# Realtek ALC1150 optical: no DD option, but plays DD anyway



## TomONeill (Mar 31, 2016)

I know the title is a bit odd when you read it, but I want to discuss this issue in detail with you guys.

Using Realtek ALC1150 with SPDIF, I don't have a 6 channel option even though I hear sound from every speaker when playing test tone at the "Supported formats" tab. I've tried many different drivers, but none seem to work. I also tried replacing the RltkAPO64.dll file with regedit DisableProtectedAudioDG to 1: I do have the option then but when test toning it, I hear only two tones (L and R) with a somewhat longer pause in between. Owning the Logitech Z906 cinema set which allows you to change the levels of each speaker, which allows me only to change two levels (sub and the rest).
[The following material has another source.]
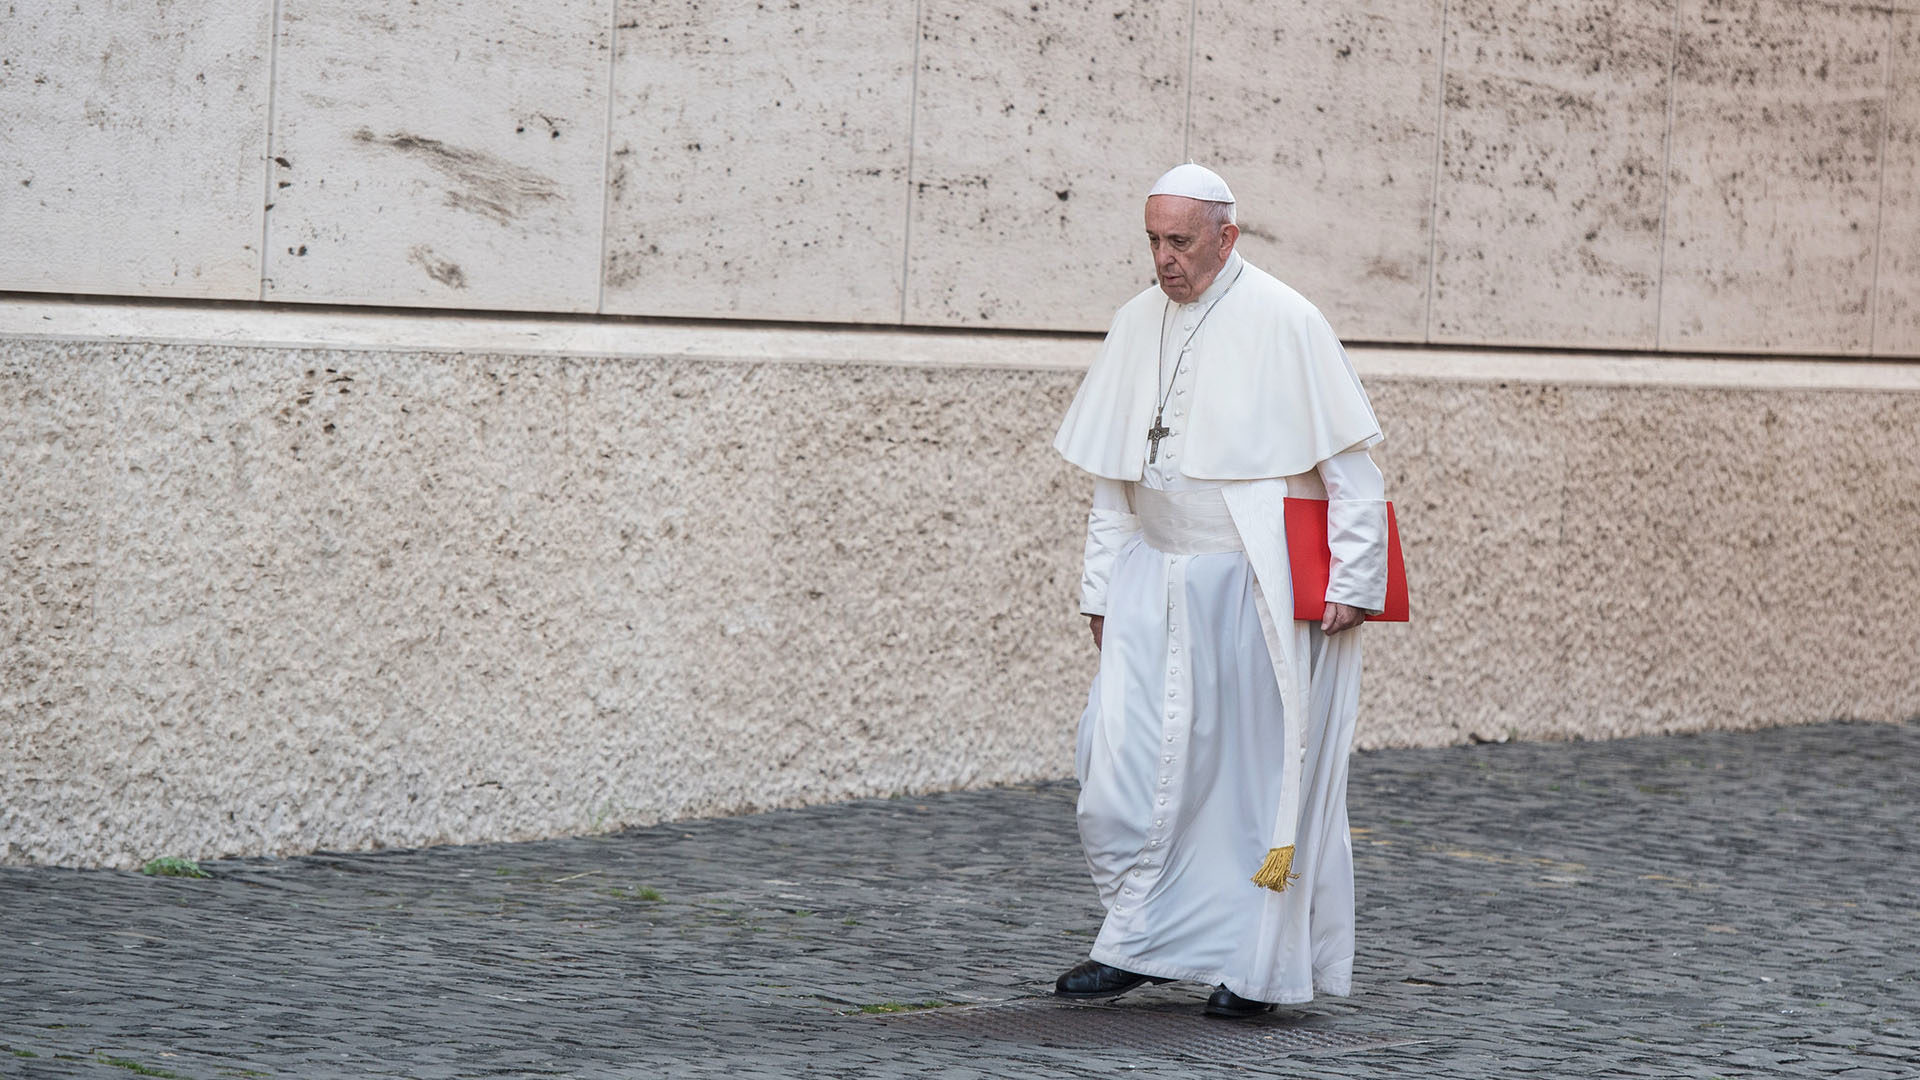 Le pape François souffre d'un genou qui le gêne  pour marcher  | © Flickr/Mazur/CC BY-NC-SA 2.0
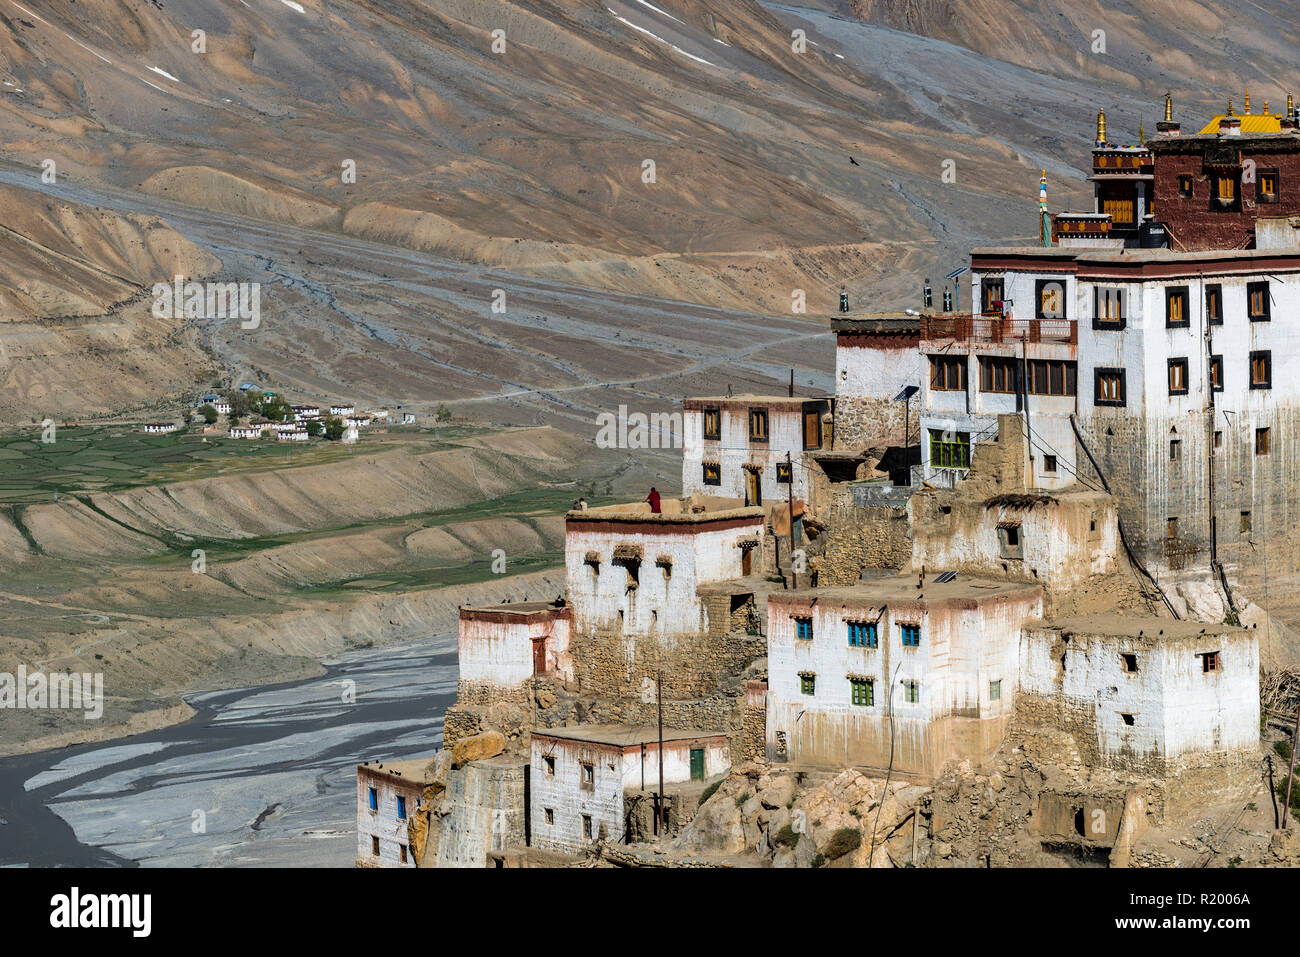 Vista aerea su Ki Gompa, un tibetano monastero buddista situato sulla sommità di una collina ad una altitudine di 4,166 metri, la Spiti Valley in background Foto Stock

When I'm playing the test tone, it does allow me to change them all. Here's the strangest part of all: When I'm using Media Player Classic -HC it does play 5.1... How to fix this?
*
Side information:
Little history, you can skip this:*
I had owned a Gigabyte motherboard which has an onboard Realtek ALC892 chip. After upgrading to Windows 10 I had some issues with 5.1 sound, but it turned out this was a bug (which got fixed... one full year later). 5.1 was in the Advanced tab and it all worked out (so this setup had been working before).

*Drivers that I tried:*
R270 (don't know exact version)
R271 (don't know exact version)
R275 (don't know exact version)
6.0.1.6409
6.0.1.7727
6.0.1.7779


----------



## TomONeill (May 5, 2016)

Update:
I just found out replacing RltkAPO64.dll and changing DisableProtectedAudioDG to 1 in the register DOES work!
The test-tone is not fully played, but my receiver is actually telling me 5.1 audio is coming in anyhow.


----------



## Mussels (Feb 9, 2022)

You're mistaking the passthrough function, where pre-encoded 5.1 audio goes direct with real time encoding (for non-dolby surround sound, like games and general PC audio)


----------